6. Кризис 1836 года был кризисом в эстетическом сознании Гоголя. Высокие моральные задачи, которые он ставил себе всегда, та глубокая серьезность, которая изнутри держала его душу и не дозволяла просто упиваться художественными успехами, — все это оставалось незыблемым, но пришла для Гоголя пора «творить с большим размышлением». «Я огорчен, — писал Гоголь Погодину еще в мае 1836 г., — не нынешним ожесточением против моей пьесы; меня заботит моя печальная будущность». «Еду (то же письмо) разгулять свою тоску, глубоко обдумать свои авторские обязанности и возвращусь... освеженным и обновленным». И тут же Гоголь прибавляет слова, которые показывают ясно, в каком напряжении шла у него внутренняя работа (подчеркнем еще раз: это письмо мая 1836 г.!): «Все, что ни делалось со мной, было спасительно для меня. Все оскорбления, все неприятности посылались мне высоким Провидением на мое воспитание. Ныне я чувствую, что неземная воля направляет путь мой — он верно нужен мне».

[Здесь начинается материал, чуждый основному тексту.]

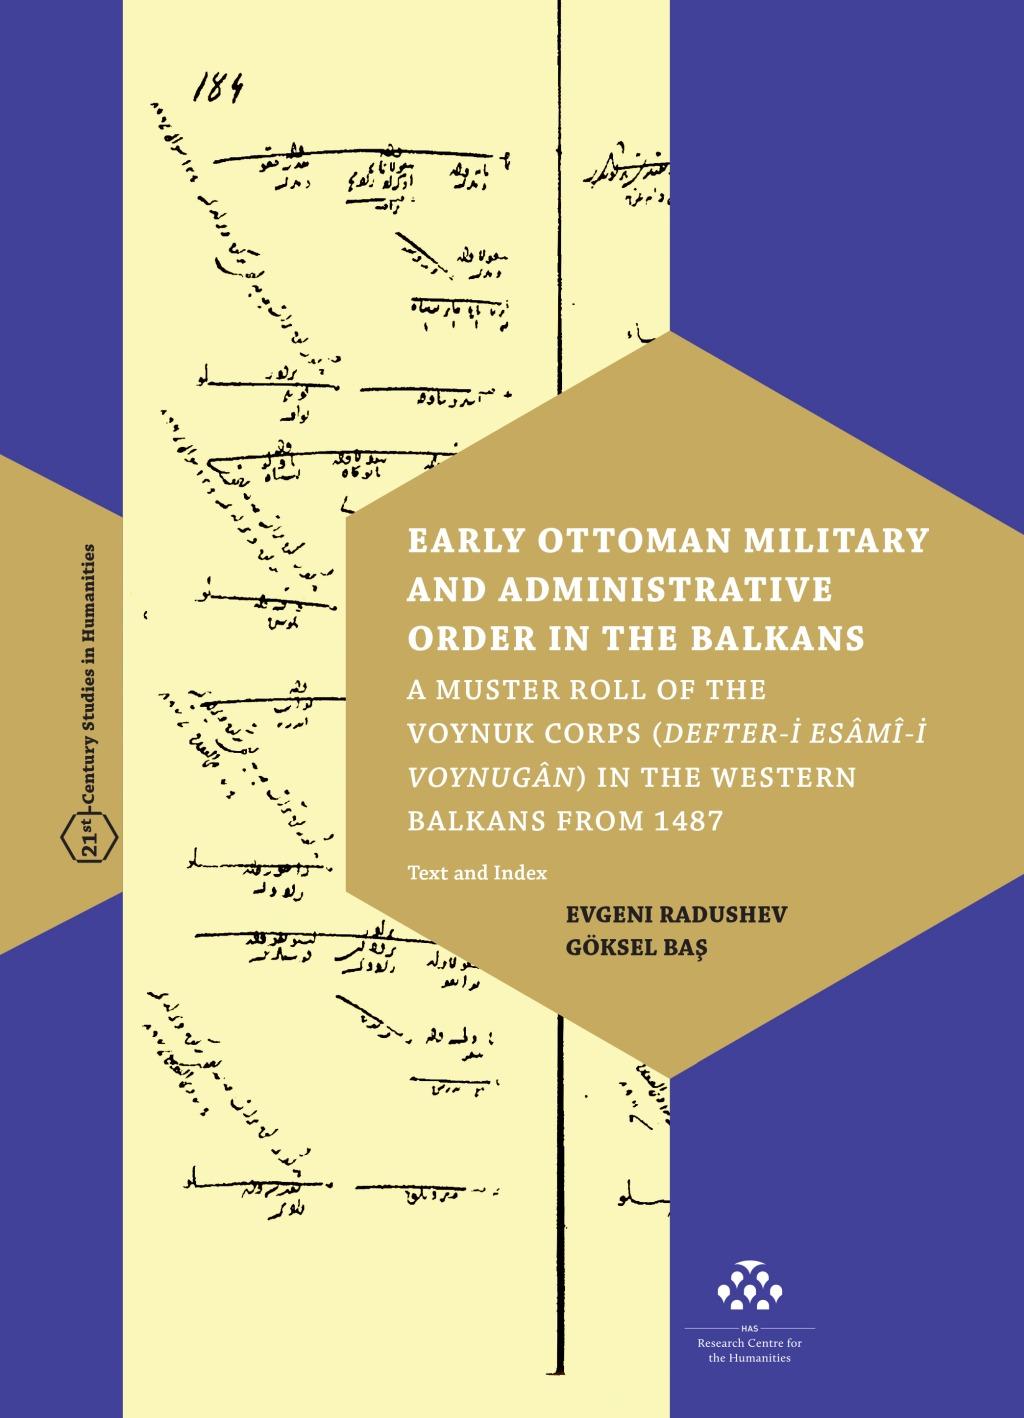 Evgeni Radushev - Göksel Baº - Early Ottoman Military and Administrative Order in the Balkans - A Muster Roll of the Voynuk Corps (Defter-i Esâmî-i Voynugân) in the Western Balkans

В Гоголе ожили религиозные размышления, знакомые ему с детства, — но теперь, когда многое рушилось для него, оказались вне внутренней связи эстетические искания и моральные идеи, — религиозное сознание по-новому осветило для Гоголя все — он в нем нашел выход, нашел и источник сил. Религиозный расцвет, который начинается у Гоголя с середины 1836 г., был, таким образом, имманентным событием, диалектически завершил ту драму распада эстетического гуманизма и эстетической утопии, о котором мы говорили. Здесь не было никаких внешних влияний, Гоголь сам вышел на путь религиозного пересмотра всех тем жизни в силу той особой диалектики внутреннего процесса в нем, который мы старались выше изобразить. Еще в 1836 году, уже уехав за границу, Гоголь писал Жуковскому: «Это великий перелом, великая эпоха моей жизни».

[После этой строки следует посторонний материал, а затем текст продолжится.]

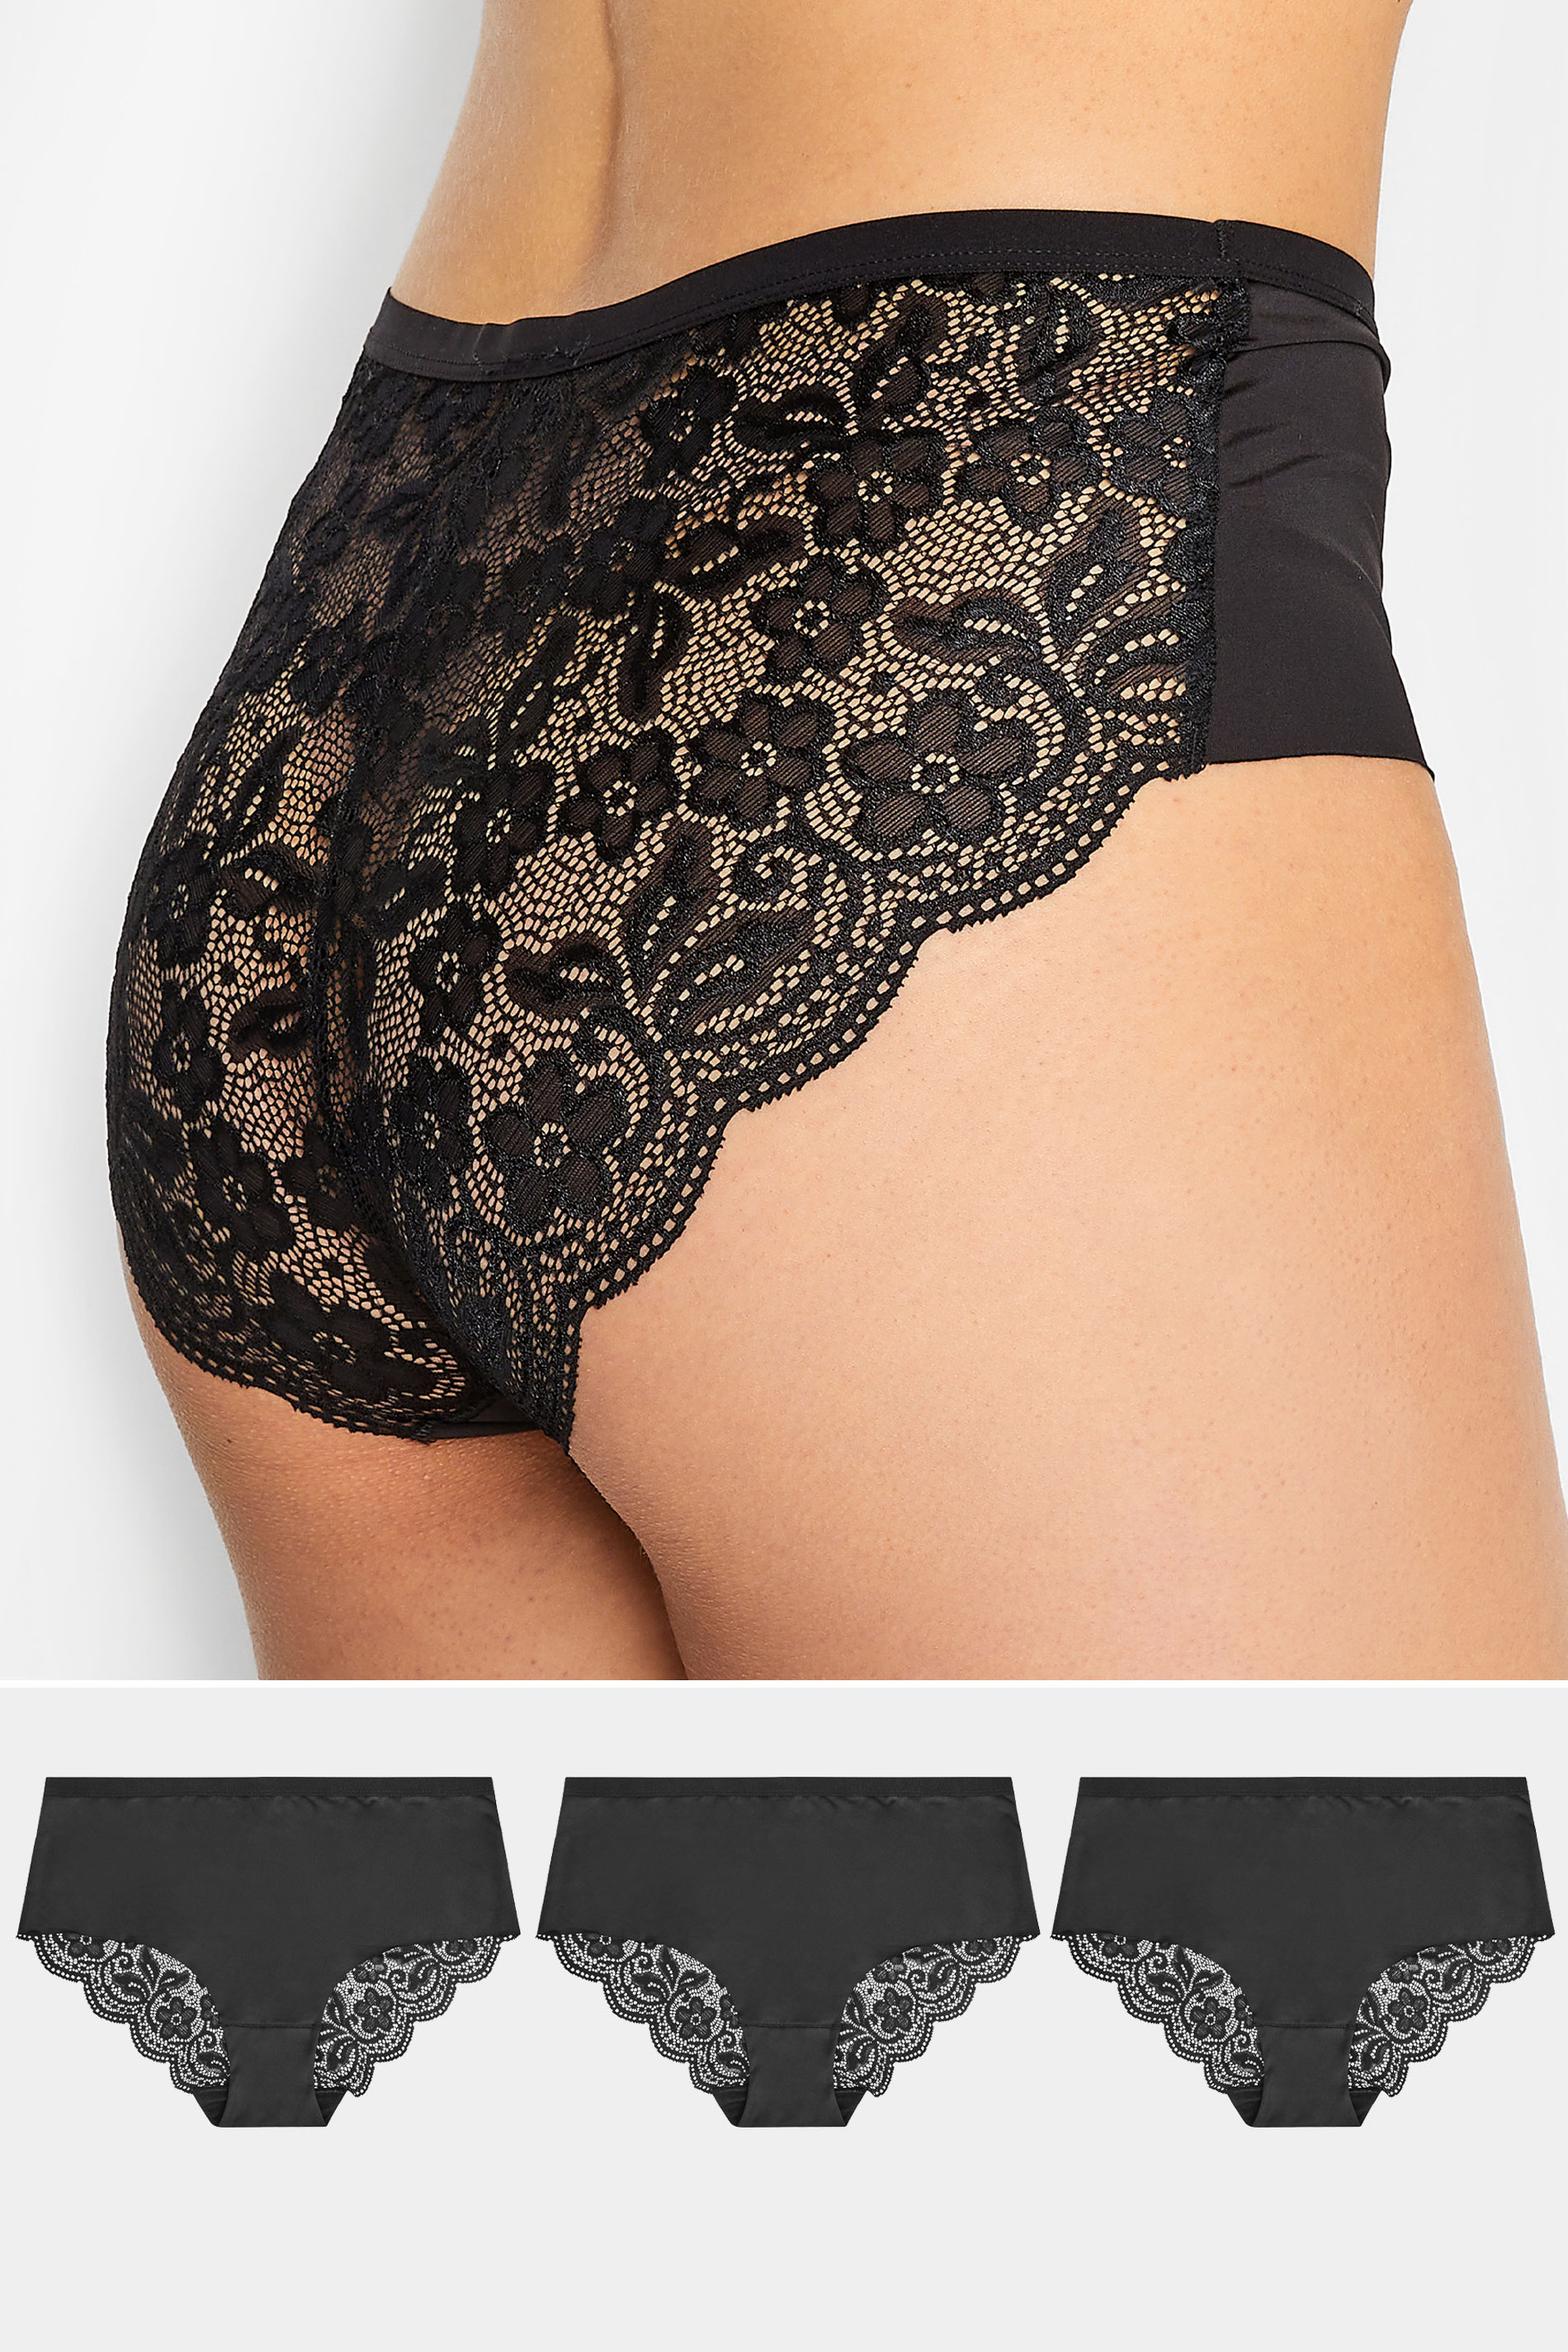 3 PACK Tall Black Lace Back Full Briefs | Long Tall Sally 1

Действительно, в Гоголе — уже в новых тонах его внутренней жизни — проснулась творческая сила, которая его самого удивляла, так, что он пишет Жуковскому (тот же 1836 г.): «Кто-то незримый пишет передо мной могущественным жезлом». И тут же он пишет: «Еще один Левиафан затевается... священная дрожь пробирает меня заранее». Несколько

265

раньше писал он Жуковскому: «Львиную силу чувствую в душе своей и заметно слышу переход свой из детства в юношеский возраст».

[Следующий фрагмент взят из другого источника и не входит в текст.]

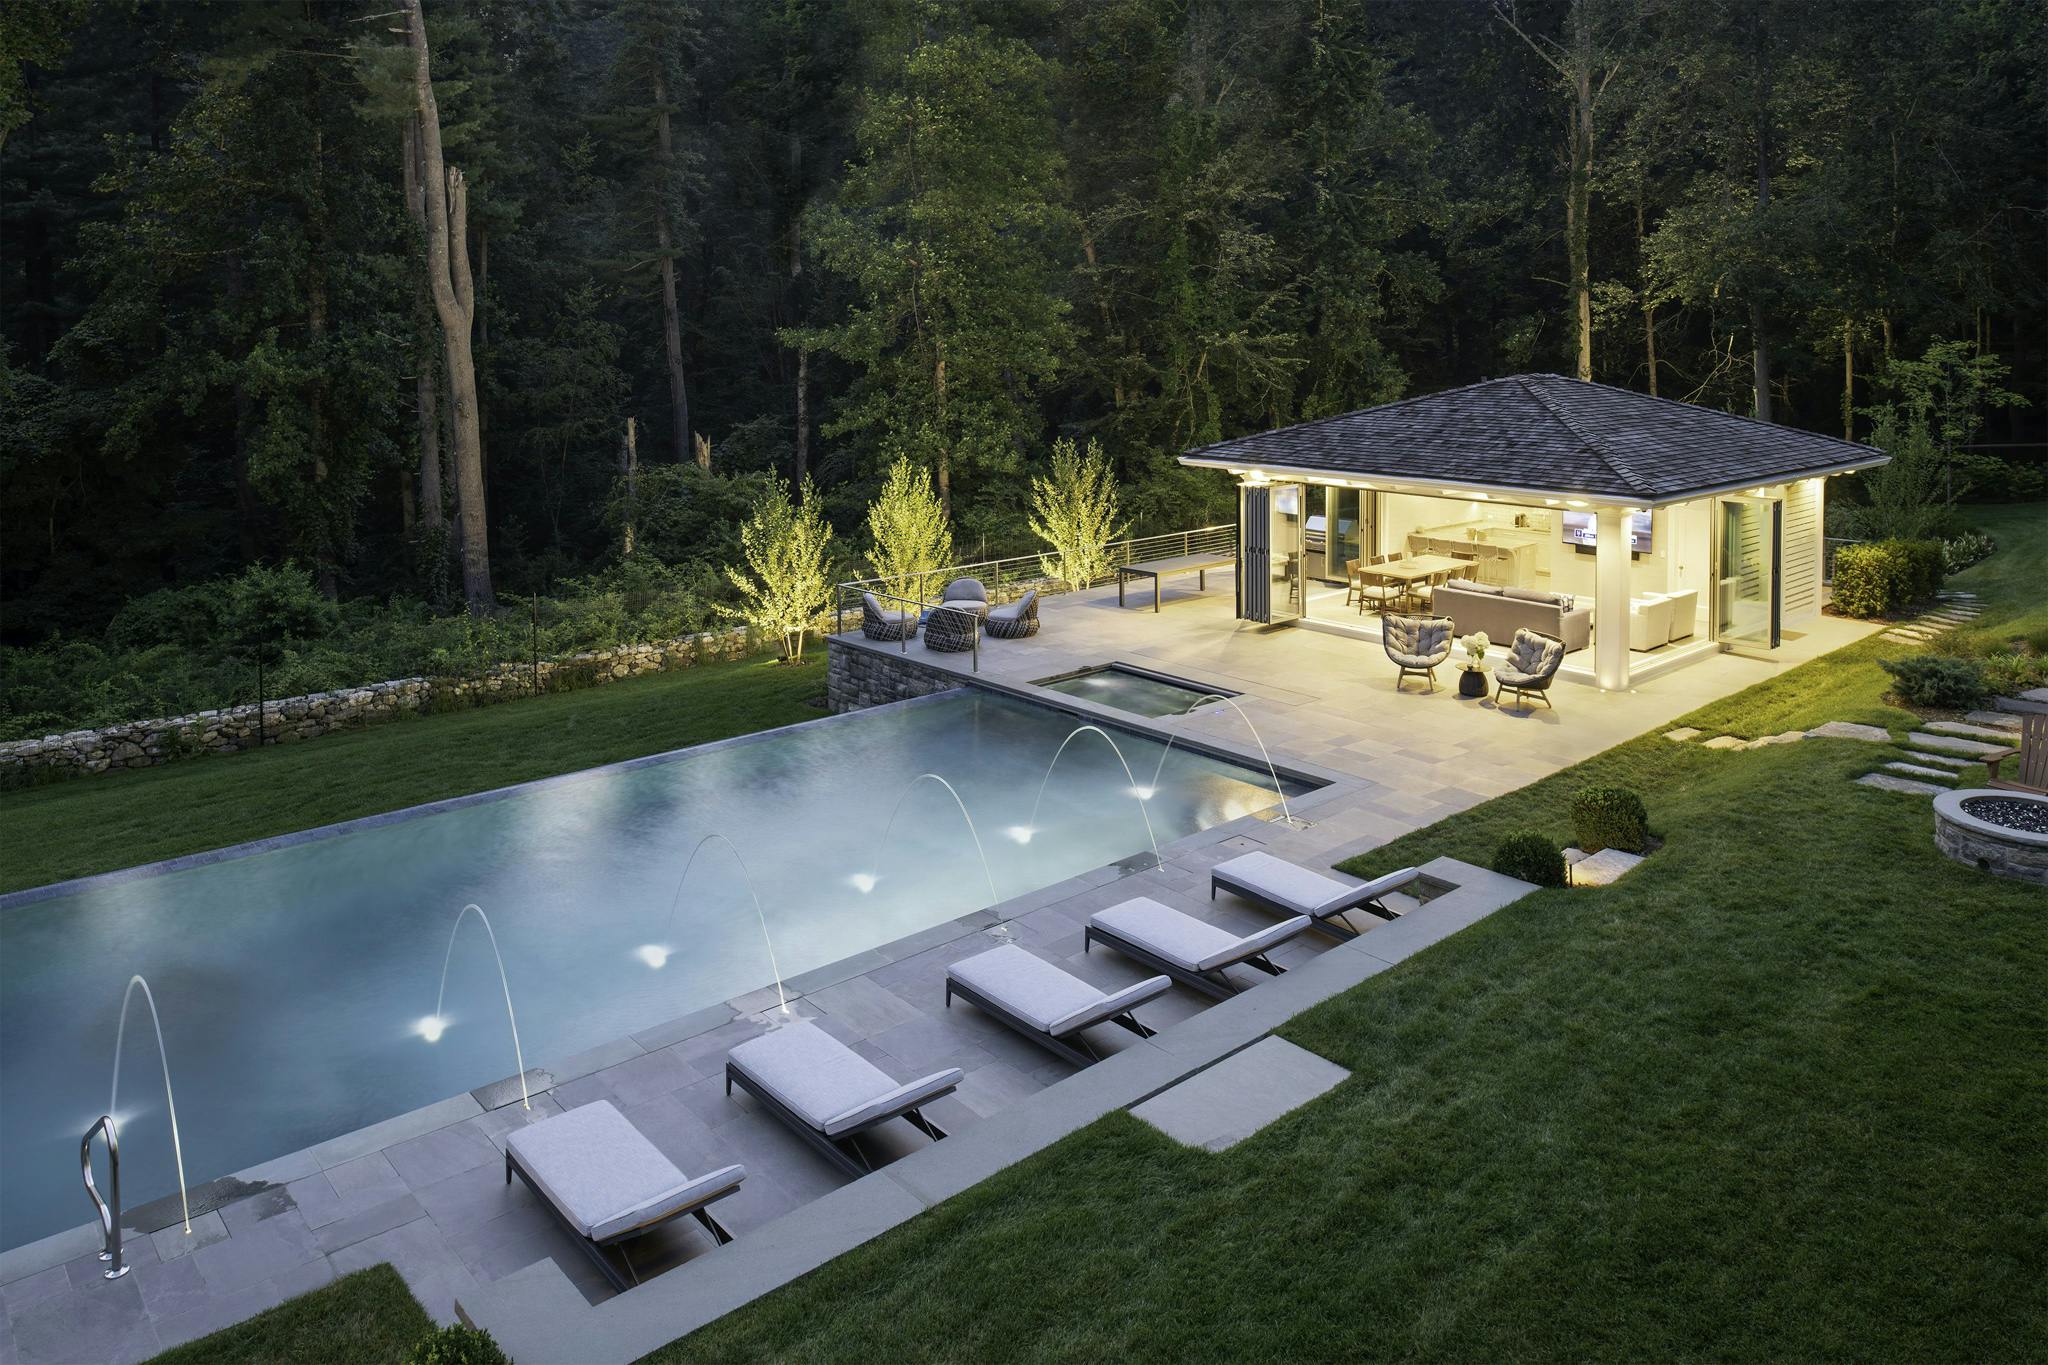 pool house glows with open folding glass walls by NanaWall

Конечно, это пробуждение творческих сил — после перелома! — есть как раз следствие того, что в душе Гоголя произошел внутренний сдвиг, родилась новая духовная установка, которая без труда отодвинула все то больное и горькое, что пережил Гоголь после крушения его утопии. Прилив творческой энергии, утвердив Гоголя в его писательском пути, конечно, ни в малейшей степени не ослабил внутреннего процесса, происходившего в нем. Совершенно не прав Мочульский, когда говорит по поводу слов Гоголя о «великом переломе» в нем, что будто бы суть его в том, что «у Гоголя родилось сознание, что он национальный русский писатель». Это сознание, действительно, выросло и окрепло в Гоголе, когда он стал работать над «Мертвыми душами», но тут ведь нет еще никакого перелома! Гоголь отворачивается от прежнего типа творчества — в том числе и от создания вещей для театра, но: «Ни добрая, ни худая молва не занимает меня, — писал он из Парижа Погодину (1836 г.); «Я мертв для текущего», — добавляет он — отказываясь от написания журнальных статей, как его просит Погодин. «Как молчаливый монах, — так заканчивает это письмо Гоголь, — поэт живет в мире, не принадлежа ему, и его чистая, непорочная душа умеет беседовать только с Богом». Это и есть новый путь духовной жизни у Гоголя; он пишет близкому другу своему Прокоповичу: «Забвенья, долгого забвенья просит душа... одна лишь слава по смерти знакома душе неподдельного поэта». Через три года Гоголь пишет (конец 1839 г.) другому своему близкому другу Данилевскому: «Дух мой страдает». Через год пишет Погодину: «Многое совершилось во мне в немногое время, но я не в силах теперь писать об этом».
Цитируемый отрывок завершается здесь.